Симметрии полипептидных цепочек заставляют присмотреться и к цепочкам нуклеиновых кислот (полинуклеотидным). Мы уже отмечали равенство масс комплементарных пар GC и АТ, которое – к тому же – выражается все той же информационной символикой (в четверичной системе счисления, основание которой соответствует четверке оснований). Однако, в этом случае «хребет» полинуклеотида всегда тяжелее, чем его вариабельные части. Тем не менее, носители генетической информации также демонстрируют молекулярные симметрии – хотя и несколько другого характера. Одни из них гармонизированы с упомянутым равновесием комплементарных пар и называются первым правилом Чаргаффа (число G двойной спирали ДНК равно числу С этой спирали, а число А – соответственно – числу Т): G=C, A=T. Первое правило естественно вытекает из структуры этой замечательной молекулы (в свое время оно – как раз напротив – послужило основой для понимания структуры ДНК). Два других правила Чаргаффа – второе и третье – описывают соотношения пуринов и пиримидинов в составе ДНК (A+G=C+T или R=Y, как мы обозначаем здесь пурины и пиримидины) и вытекающее из первых двух равенство числа оснований, содержащих аминогруппы в положении 4 пиримидинового ядра и в положении 6 – пуринового (С и А), числу оснований, содержащих оксо-группу в тех же положениях (G и T): С+А=G+T. Соотношение (G+C): (A+T) называют коэффициентом специфичности, и ДНК каждого вида имеет собственный коэффициент, который колеблется от 0.3 до 2.8. Не очень давно была обнаружена еще одна закономерность, касающаяся нуклеотидного содержания ДНК.
Именно эту закономерность называют сейчас вторым правилом Чаргаффа 65 , поскольку перечисленные выше правила взаимозависимы (то есть составляют как бы одно) и поскольку его начальная формулировка была абсолютно тождественна первому правилу (G=C, A=T). Но относилась она только к одной цепочке ДНК! «С какой стати?» – отозвался известный ученый, когда впервые услышал об этом.

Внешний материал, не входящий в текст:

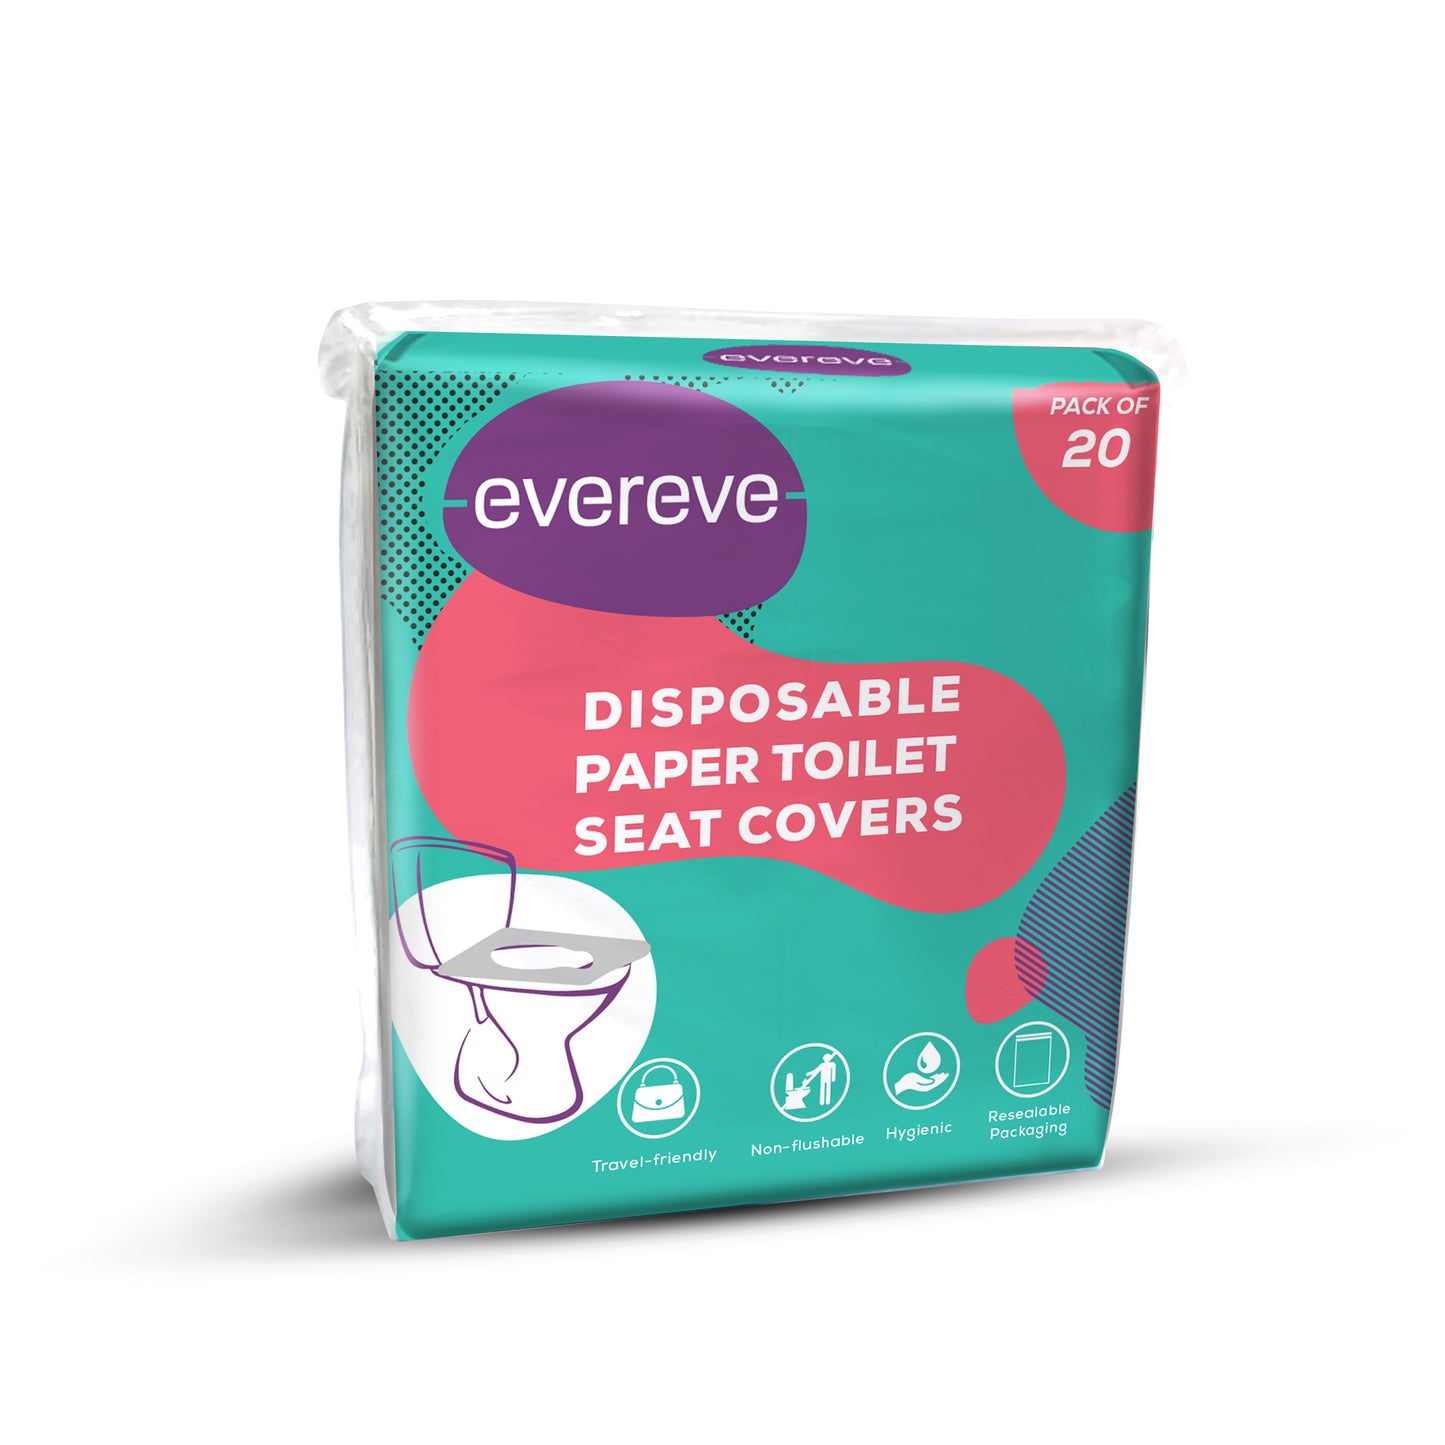 Evereve Disposable Paper Toilet Seat Covers, 20's Pack

Второе правило до сих пор остается загадкой и известно гораздо меньше первого. Справедливости ради следует сказать, что это правило хорошо соблюдается для разделенных поли-ДНК-цепей длиной 70—100 тысяч оснований (девиация – сотые доли процента), хуже – для длин 1—10 тысяч и практически не соблюдается для длин менее 100 нуклеотидов. Именно поэтому многие специалисты объявили это правило статистическим и тривиальным. В своих весьма любопытных и отлично написанных текстах в ЖЖ , названных «Подумаешь, геном Ньютона!», замечательный, но (до поры) неизвестный Автору автор, скрывающийся под ником Galicarnax, очень внятно показывает, почему второе правило вовсе нетривиально. «Если сгенерировать длинную случайную последовательность из четырех оснований, – пишет он, – то в ней в силу статистики… количества всех четырех нуклеотидов будут примерно равны. Но в реальных геномах это не так. Там обычно либо А, либо В:
65
Kohji Okamura, Weil J, Scherer SW, 2007, Evolutionary implications of inversions that have caused intra-ctrand parity in DNA, DioMed Central – BMC Genomics, 8:160 http://www.biomedcentral.com/1471-2164/8/160
Геномы с почти равным распределением оснований – как в случайной последовательности – крайне редки». И при этом второе правило совершенно не связано с относительным размером кодирующей части генома, поскольку «соблюдается и для ДНК человека, в которой кодирующие последовательности составляют менее 2%, и для ДНК бактерий, в которой они составляют 80—95%. Так что с белками это правило никак не связано»… Зато само по себе это правило оказалось частным случаем более общего закона, который заключается в том, что «в одной цепочке [природной] ДНК содержится примерно равное количество комплементарных олигонуклеотидов».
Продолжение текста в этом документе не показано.